Description: The search update pipeline is currently broken, resulting in updates being sporadically lost often enough that users are reporting bugs. The Saneitizer is supposed to resolve this, but was shut off for a while, and restarted, but is running with ~4 weeks of lag. We want to resolve issues in the update pipeline so that our indexes are not out of sync by more than XX days. Work needs to be done to understand the current rate of lost updates. We want to reduce the error rate to something close to 0.

The current update pipeline processes Mediawiki updates as a stream, with < 5 minutes of lag. Most additional data is processed as batch, with a lag > 1h. We want to harmonize the system so that all updates are processed as streams, reducing the lag of secondary data sources from > 1h to < 5 minutes.

Docs:

Phab: https://phabricator.wikimedia.org/T317045

Milestones:

  • SLI and SLO are created for Search update lag and error rates
  • Supports all edit times and optimizations
  • Support for redirects
  • Support for page re-render
  • Deployment on k8s with Flink operators
  • Testing plan is created (stretch: testing plan is executed)
  • Migration plan is created (stretch: migration for all wikis is completed)

Improve multilingual zero-results rate

Objective: Searchers of emerging languages can search in their own language

KR: Increase recall (reduce ZRR and/or increase number of results returned) for 75% of relevant languages.

Description: Following the work of unpacking all the language analyzers, we can now work on harmonising language processing across wikis and deploy global improvements.

To ensure that our users can more easily understand how search is working and to ensure that improvements to search are replicated across languages, we want differences in how we treat different languages to be linguistic, not accidental. For example: how we treat CamelCase or apostrophe should be the same in all languages.

In Q1 we will continue to focus on increasing recall (with decreasing zero-results rates and increasing number of results as proxy metrics), assuming that increased recall improves the odds of content discovery, especially on smaller language wikis. Note that this is an imperfect KPI for search relevancy overall.

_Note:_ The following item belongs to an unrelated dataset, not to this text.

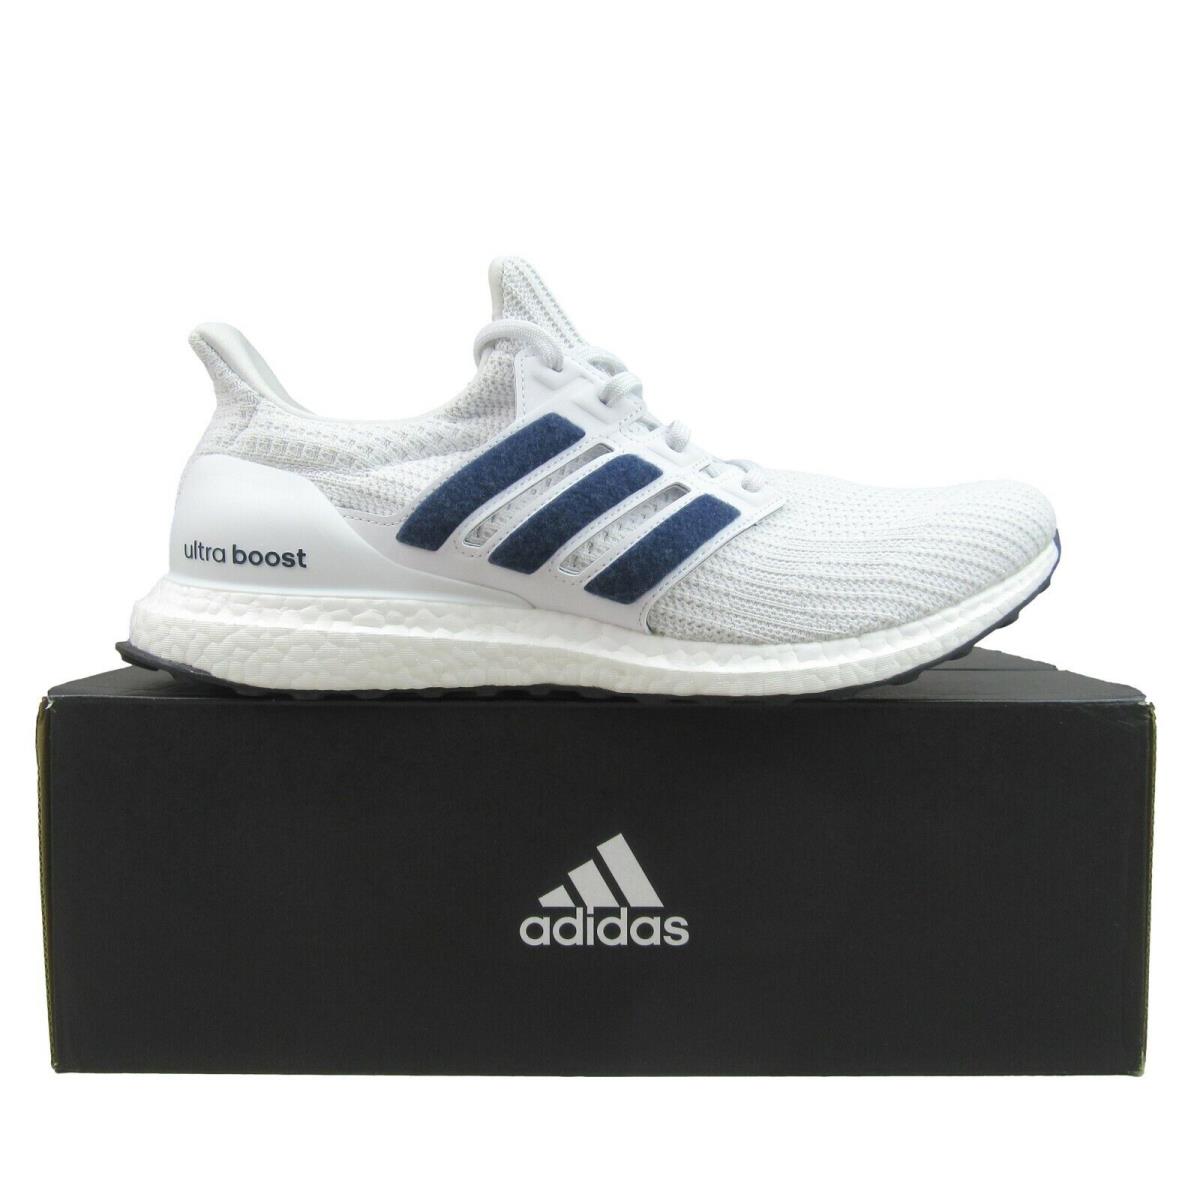 Adidas Ultraboost 4.0 Dna Running Shoes Mens Size 13 Navy White FY9337
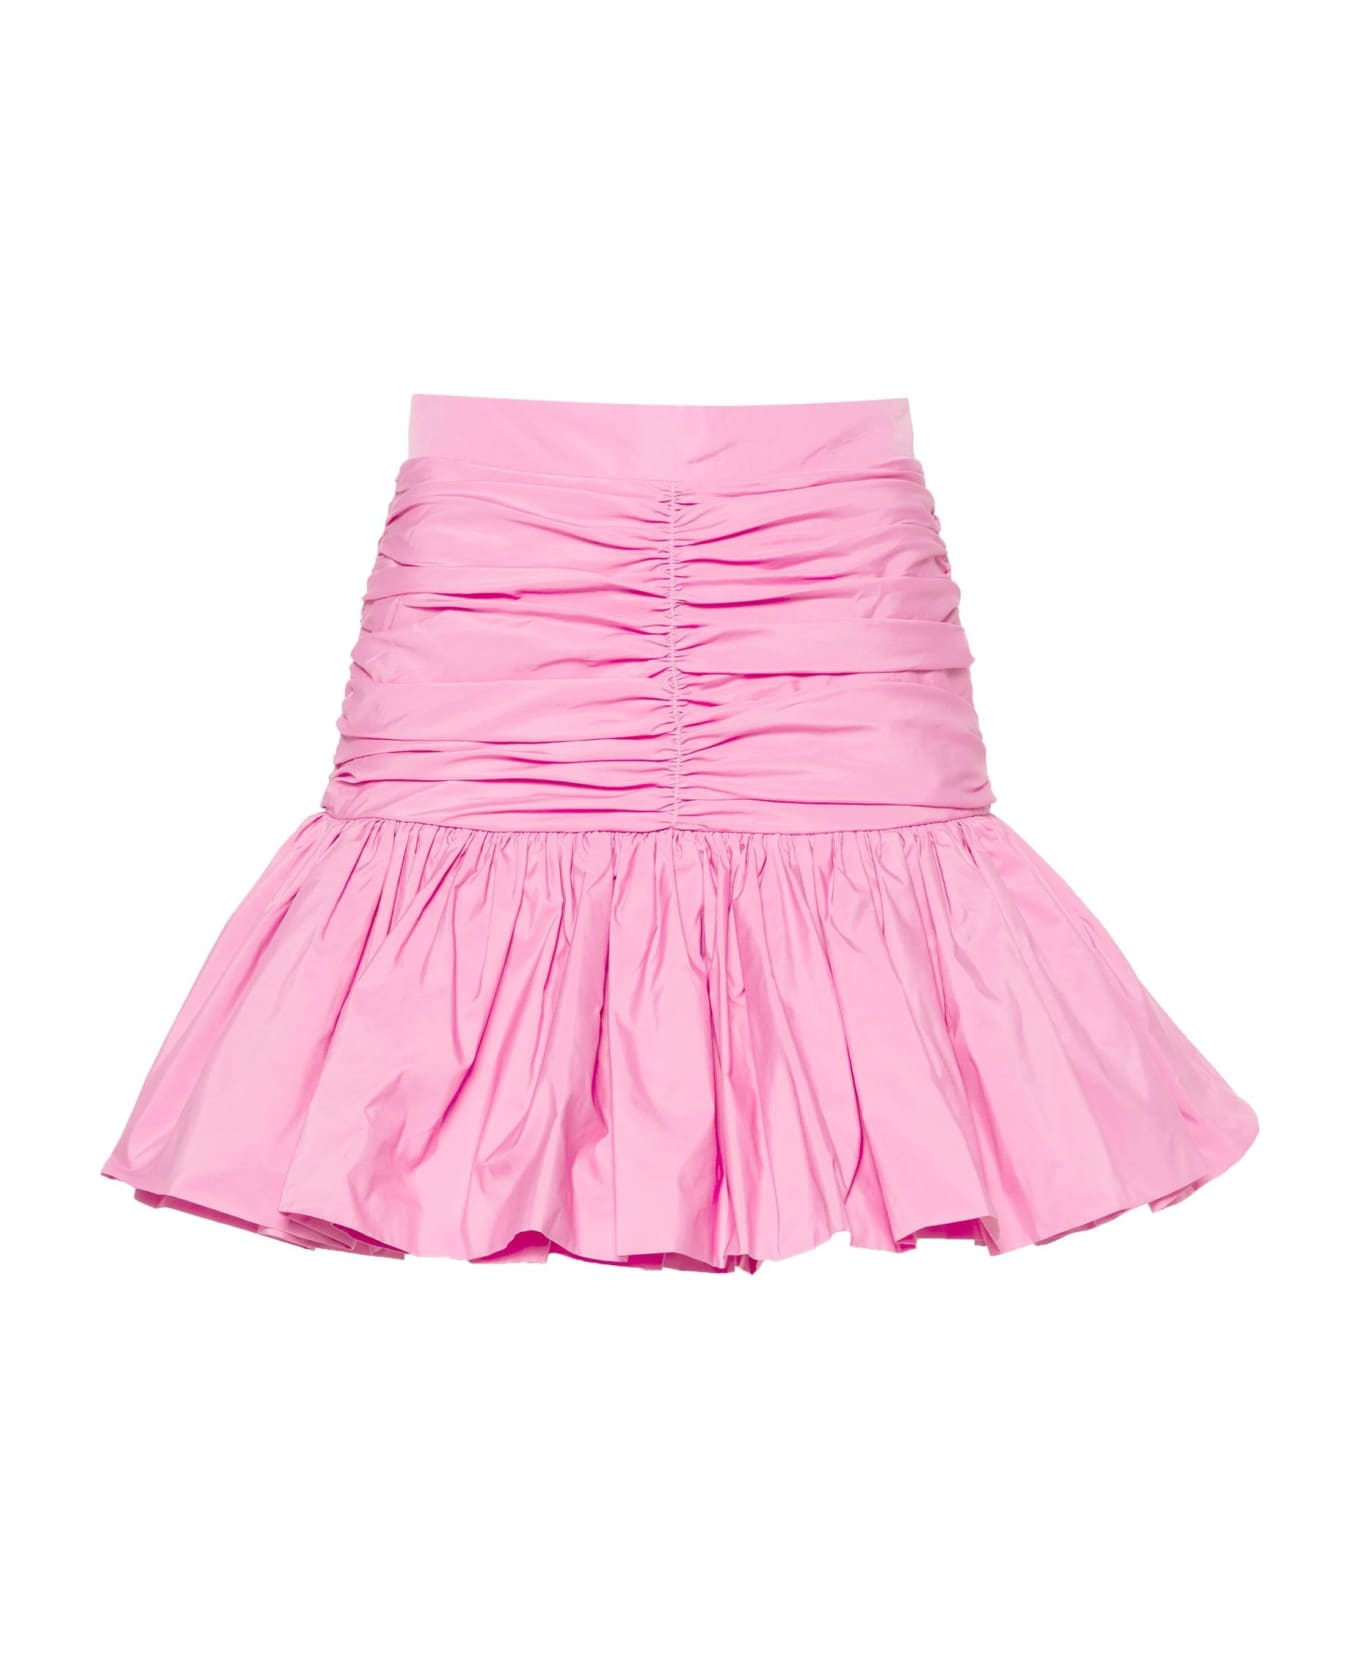 Patou Pink Recycled Polyester Faille Skirt - Pink

Phab: https://phabricator.wikimedia.org/T219550

Milestones:

  • Smarter handling of acronyms for word_break_helper in language analyzers
  • Investigate applying aggressive_splitting everywhere, not just on English-language wikis
  • Repair multi-script tokens split by the ICU tokenizer
  • Standardize ASCII-folding/ICU-folding across analyzers
  • Stretch: Look into enabling hiragana/katakana mapping everywhere

Search SLOs

Description: To ensure that we can understand the quality of our search and invest the appropriate efforts in operating it, we want to have clear SLOs for key aspects of the Search experience.

Doc: Search SLOs

Phab: https://phabricator.wikimedia.org/T335576

Milestones:

  • Required metrics are collected
  • Standard SLO dashboard is created

Things we plan

Split the WDQS Graph

KR: SDS3.1 Reduce the number of unsatisfied requests for Wikidata by 50%

Description: Splitting the WDQS graph has been identified as the highest priority work to scaling WDQS, and thus ensuring that we can continue to serve queries in the medium term. The first experiment will be investigating a split of Scholarly Articles. We want to understand the impacts of such a split, in terms of complexity for the users of WDQS, added technical complexity, and long term impact on stability.